The Irish in Canada
Tomorrow is St. Patrick’s Day, March 17, 2012; a day that comes around annually when everyone is Irish or a wanna be Irish.
I am Irish, that is my father’s mother was born in Ireland and her family was in the Glengarriff/Bantry Bay area of West Cork, Ireland. Two years ago was blessed to visit the land and even see where my great grandfather’s house stood…in the 1800′s. Ireland is amazing and it was as if my grandmother’s young girl spirit stood with me on the mountain tops of Cork. It was truly amazing and what a rugged land. How anyone made a living, other than by sea, on that land was beyond me!
My father’s father is French and he married my mother who arrived in Boston. My grandfather was born on Cape Breton Island but met up with my grandmother in Boston – which would not be unusual as my grandfather and his father before him, were fisherman. My grandmother’s father is listed on her birth registration as being a “carpenter’s boat builder”, so I guess you can see why this person is always longing to go home to the sea. Perhaps it is why, as well, out of the blue I’ve said, “I am like a fish out of water,” when referring to living in a big city, like Toronto, where the closest to the sea is the polluted lake which I gaze upon from high up in my penthouse.
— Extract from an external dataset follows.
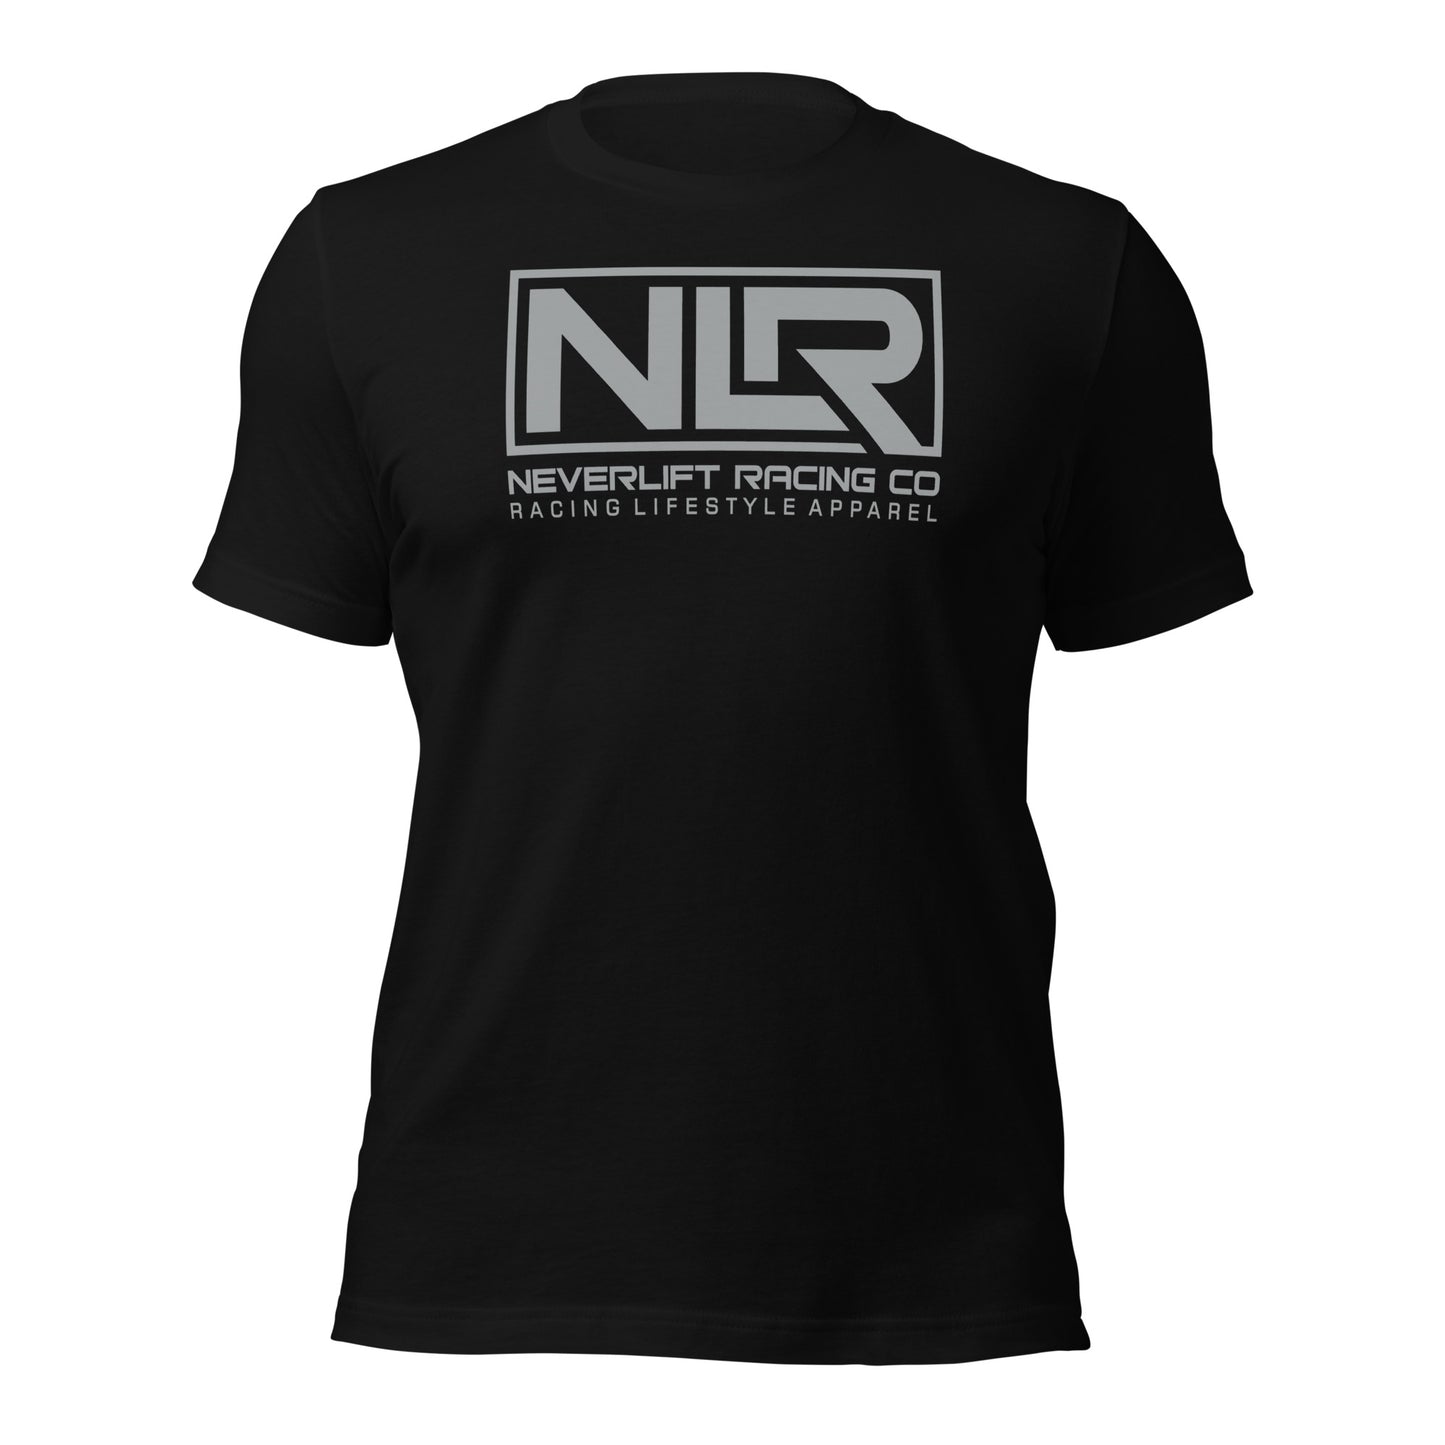 Team NLR t-shirt

So, St. Patrick’s Day and the Irish. How about the Irish in Canada; what’s their history like. I read a horrendous book when coming back from Ireland by a school teacher on the Irish coffin ships as they were called. They were treated harshly upon landing and locked up in something like internment camps. The horrors were finally admitted; the needless death and loss of life due to their imprisonment (so to speak) and lack of care and health provisions.
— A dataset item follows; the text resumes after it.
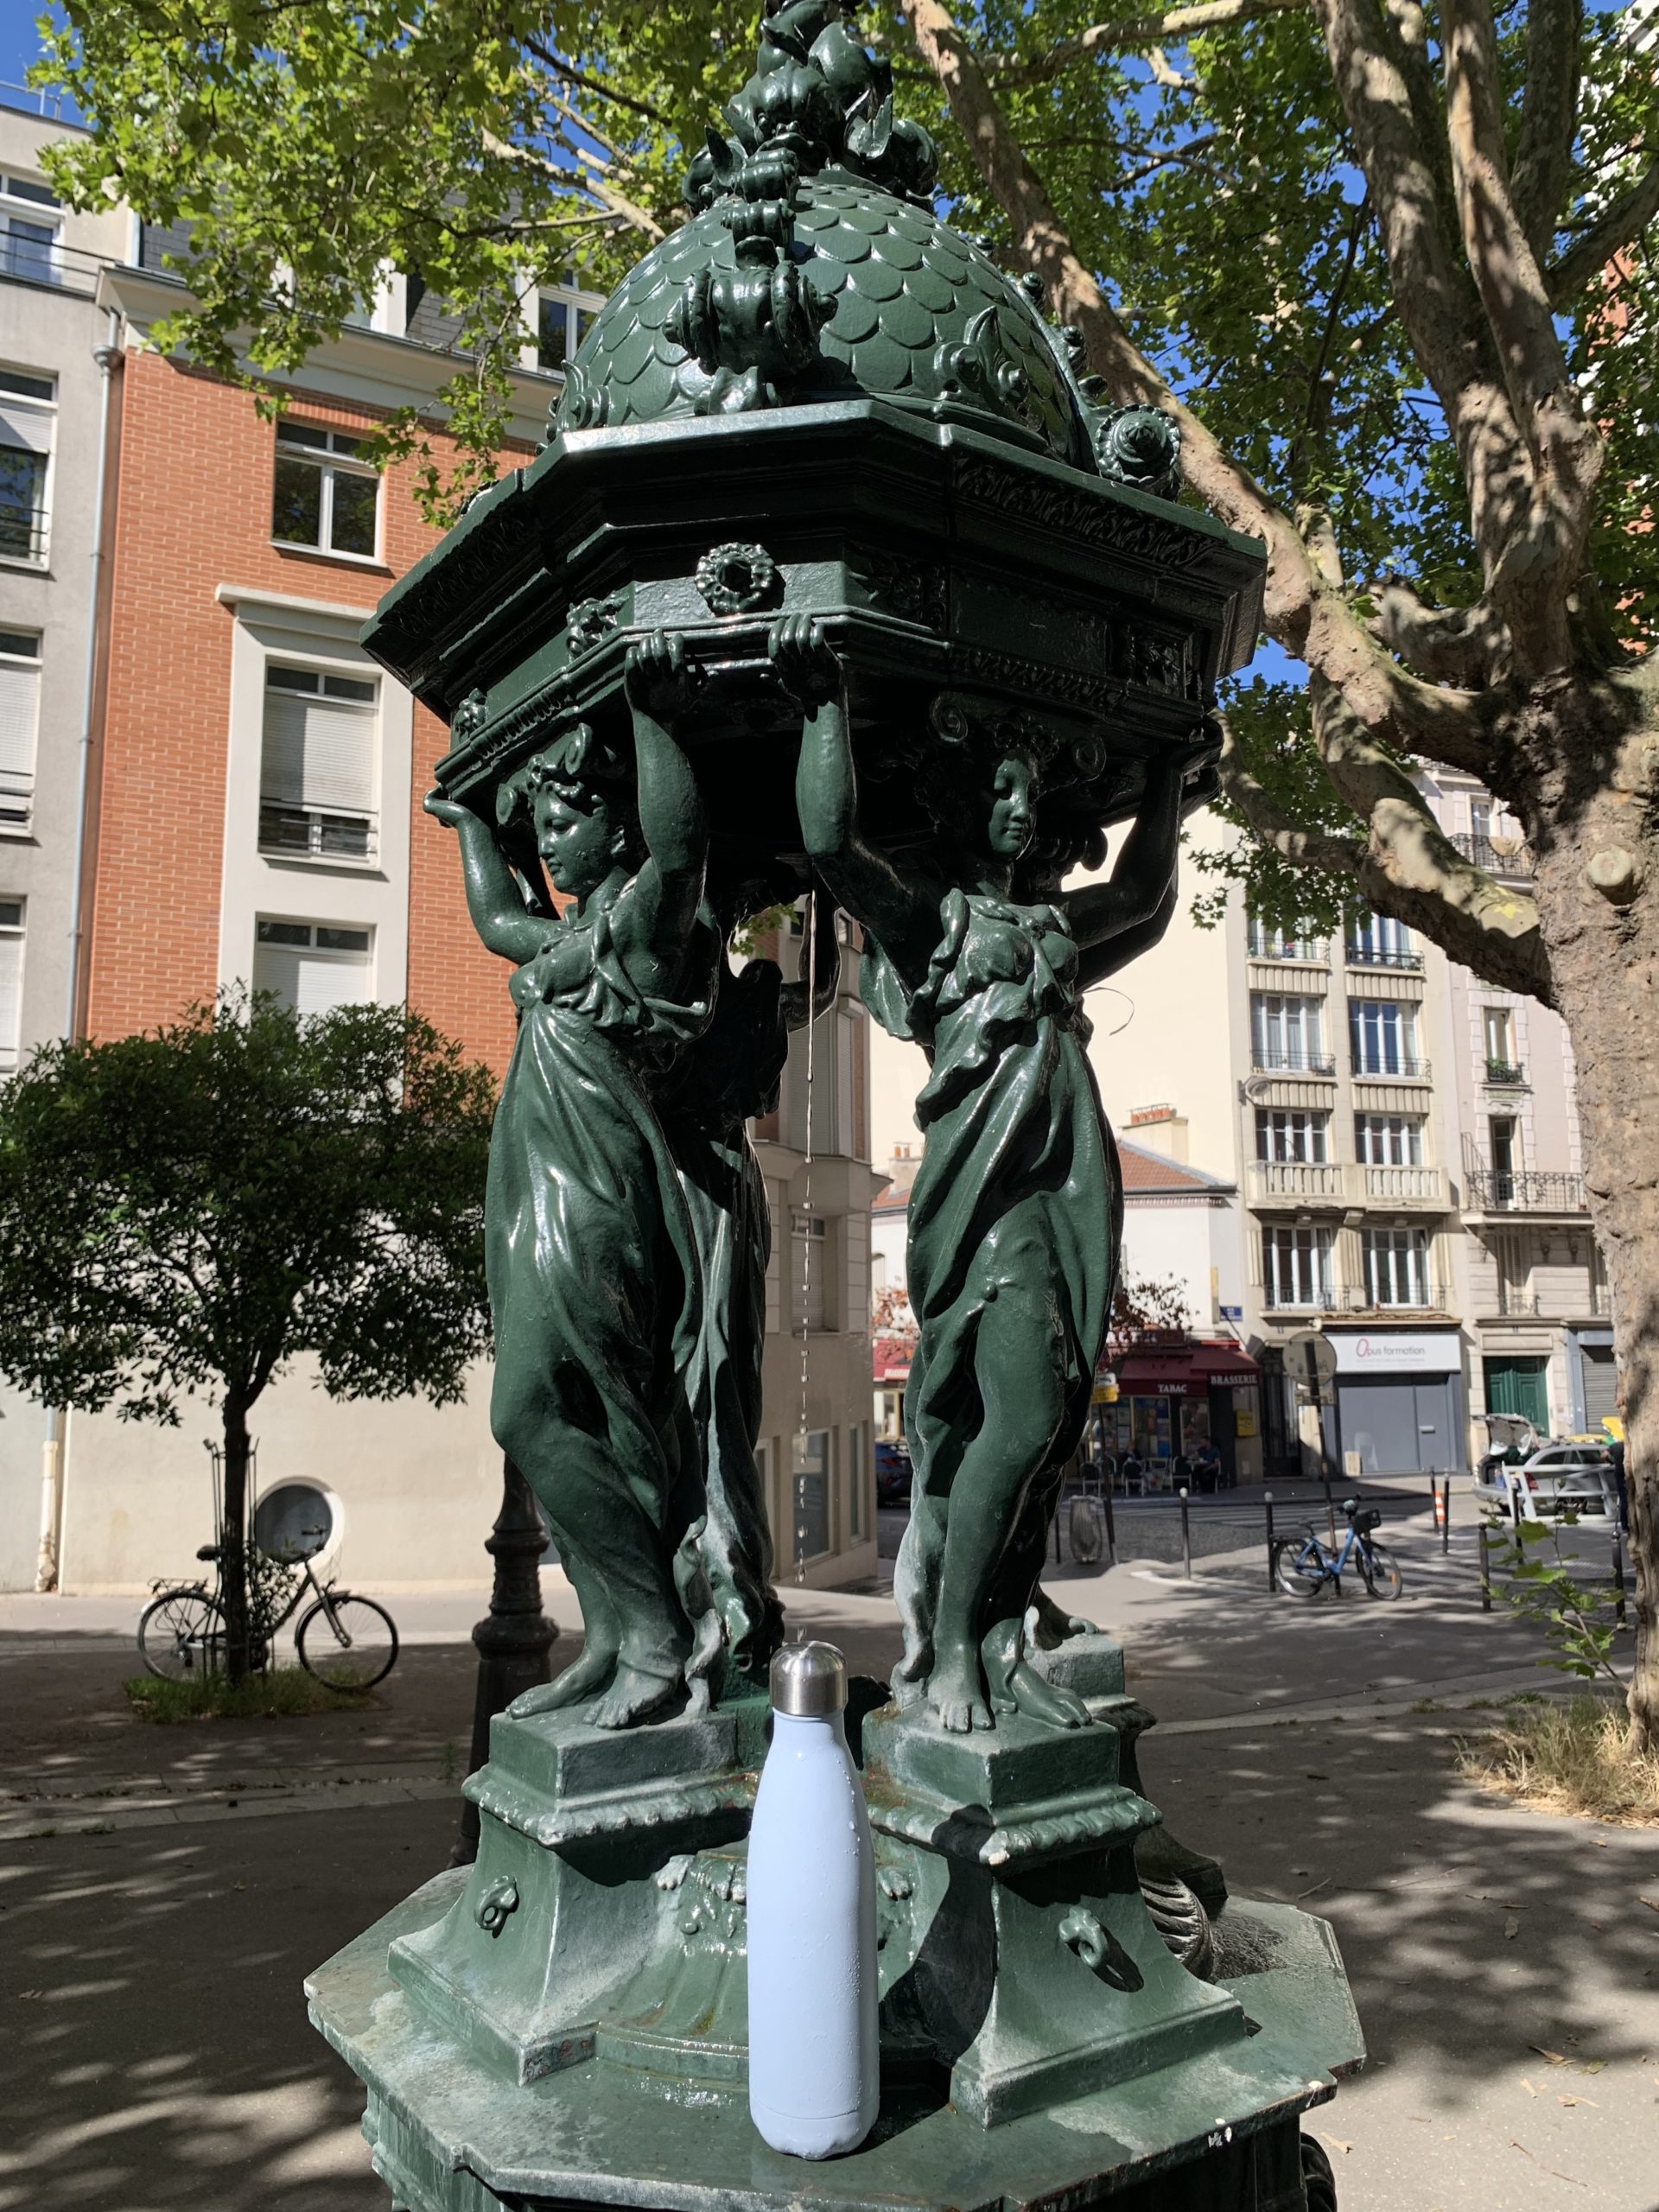 Où remplir gratuitement sa gourde d’eau dans le 20e arrondissement de Paris ?

Being from Nova Scotia, I found this at The Untold Story: The Irish in Canada. Again, ostracized even in the great metropolis called Halifax, we Irish were classified as “lesser citizens” because we didn’t fit the anglicized deportment and rules, and even worse because we didn’t discriminate on who we associated with, and were best buds with the hated enemies of Anglicized Canadians, the French!
Now that’s funny, because the French were discriminated against as well; ergo the change in the spelling of my family name to include a “p” in it, to make it more “English”.
So, here’s a little bit of what I found on the Irish in Canada, and in particular in Nova Scotia. I highly recommend you visit the site. The person who put this together has a lot of information.
Happy St. Patty’s Day y’all – from Canada ‘eh.
Some at least of the departing settlers made their way back to England, while others, more numerous, sailed off to New England on one or other of the American vessels that visited the new town. Faced with the disapearance of about 40% of the settlers, among them “the greater part of the more respectable elements”, Halifax authorities had no high opinion of most of those who remained. Into the vacuum left by the departing settlers came “foreign Protestants from the Rhine, Switzerland as well as New Englanders and Irish. If the New Englanders “gradually became the core of the English speaking population”, the Irish Catholics
became Halifax’s first distinct minority group.
Among the original settlers were 66 Irish families and an indeterminable number of Irish servants, perhaps mounting to 200 in all. In 1752, there were 262 persons with Irish names.
It appears that the Irish residents of early Halifax were not as docile as the British authorities would have wished. The minutes of the Council of 2 July 1751 mention that a group of Irish Catholics at Halifax had combined and were planning to go over to the Indians and the French. The incident was not an isolated one. (Many Irish went over to the French, considered the emeny by the British). A Rev Stiles of Boston stated in 1760 that Halifax had nearly 3,000 people, 1/3 of which are Irish and many of them Roman Catholic.
For the first dozen years after the foundation of Halifax, many of the Irish inhabitants evinced tendacies which did not endear them to, nor inspire the confidence of the authorities: correspondence with the French with whom the British were contesting the hegemony of America; conducting themselves in a manner that enabled even a visitor to pereive their Catholic religion; and speaking a language that the jurist Jonathan Belcher recognized as Irish Gaelic. The Irish concentrated in the south end and for years, the neighborhood was known as Irishtown while its failure to develop may reflect an official wish to prevent the growth of a potential source of discontent in the capital.